Exercise details.
Reproduce exactly the lines of the material beneath, from the line that contains "owocowe dostawy w czasach koronawirusa" to the line that contains "Havana textures", both included, and no other lines.

--- Data supplied Enclosed Below ---

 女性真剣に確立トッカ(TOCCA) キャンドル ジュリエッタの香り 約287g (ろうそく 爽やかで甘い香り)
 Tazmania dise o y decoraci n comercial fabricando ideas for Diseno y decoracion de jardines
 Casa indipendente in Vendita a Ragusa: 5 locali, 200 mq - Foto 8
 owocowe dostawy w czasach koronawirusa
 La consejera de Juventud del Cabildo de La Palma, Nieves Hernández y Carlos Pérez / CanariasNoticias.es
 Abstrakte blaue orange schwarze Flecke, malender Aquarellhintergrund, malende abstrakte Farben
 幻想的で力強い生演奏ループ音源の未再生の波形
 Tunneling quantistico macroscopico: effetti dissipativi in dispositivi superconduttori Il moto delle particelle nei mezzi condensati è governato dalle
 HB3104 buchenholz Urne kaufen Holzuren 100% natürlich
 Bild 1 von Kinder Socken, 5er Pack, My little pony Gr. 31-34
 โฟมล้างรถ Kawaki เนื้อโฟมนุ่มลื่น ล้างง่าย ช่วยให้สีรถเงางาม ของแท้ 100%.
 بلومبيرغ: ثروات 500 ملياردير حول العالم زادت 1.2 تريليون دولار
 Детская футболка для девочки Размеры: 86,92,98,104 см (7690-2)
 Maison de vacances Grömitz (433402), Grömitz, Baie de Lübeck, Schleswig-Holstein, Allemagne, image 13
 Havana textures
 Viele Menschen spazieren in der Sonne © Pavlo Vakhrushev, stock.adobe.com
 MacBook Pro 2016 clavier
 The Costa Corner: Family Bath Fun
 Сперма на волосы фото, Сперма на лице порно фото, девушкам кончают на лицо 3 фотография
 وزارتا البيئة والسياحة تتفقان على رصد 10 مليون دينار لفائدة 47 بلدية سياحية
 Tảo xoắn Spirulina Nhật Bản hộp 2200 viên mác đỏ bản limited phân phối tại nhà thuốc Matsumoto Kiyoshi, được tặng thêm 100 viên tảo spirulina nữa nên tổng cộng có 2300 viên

--- End of Enclosed Data supplied ---

Solution for this exercise.
 owocowe dostawy w czasach koronawirusa
 La consejera de Juventud del Cabildo de La Palma, Nieves Hernández y Carlos Pérez / CanariasNoticias.es
 Abstrakte blaue orange schwarze Flecke, malender Aquarellhintergrund, malende abstrakte Farben
 幻想的で力強い生演奏ループ音源の未再生の波形
 Tunneling quantistico macroscopico: effetti dissipativi in dispositivi superconduttori Il moto delle particelle nei mezzi condensati è governato dalle
 HB3104 buchenholz Urne kaufen Holzuren 100% natürlich
 Bild 1 von Kinder Socken, 5er Pack, My little pony Gr. 31-34
 โฟมล้างรถ Kawaki เนื้อโฟมนุ่มลื่น ล้างง่าย ช่วยให้สีรถเงางาม ของแท้ 100%.
 بلومبيرغ: ثروات 500 ملياردير حول العالم زادت 1.2 تريليون دولار
 Детская футболка для девочки Размеры: 86,92,98,104 см (7690-2)
 Maison de vacances Grömitz (433402), Grömitz, Baie de Lübeck, Schleswig-Holstein, Allemagne, image 13
 Havana textures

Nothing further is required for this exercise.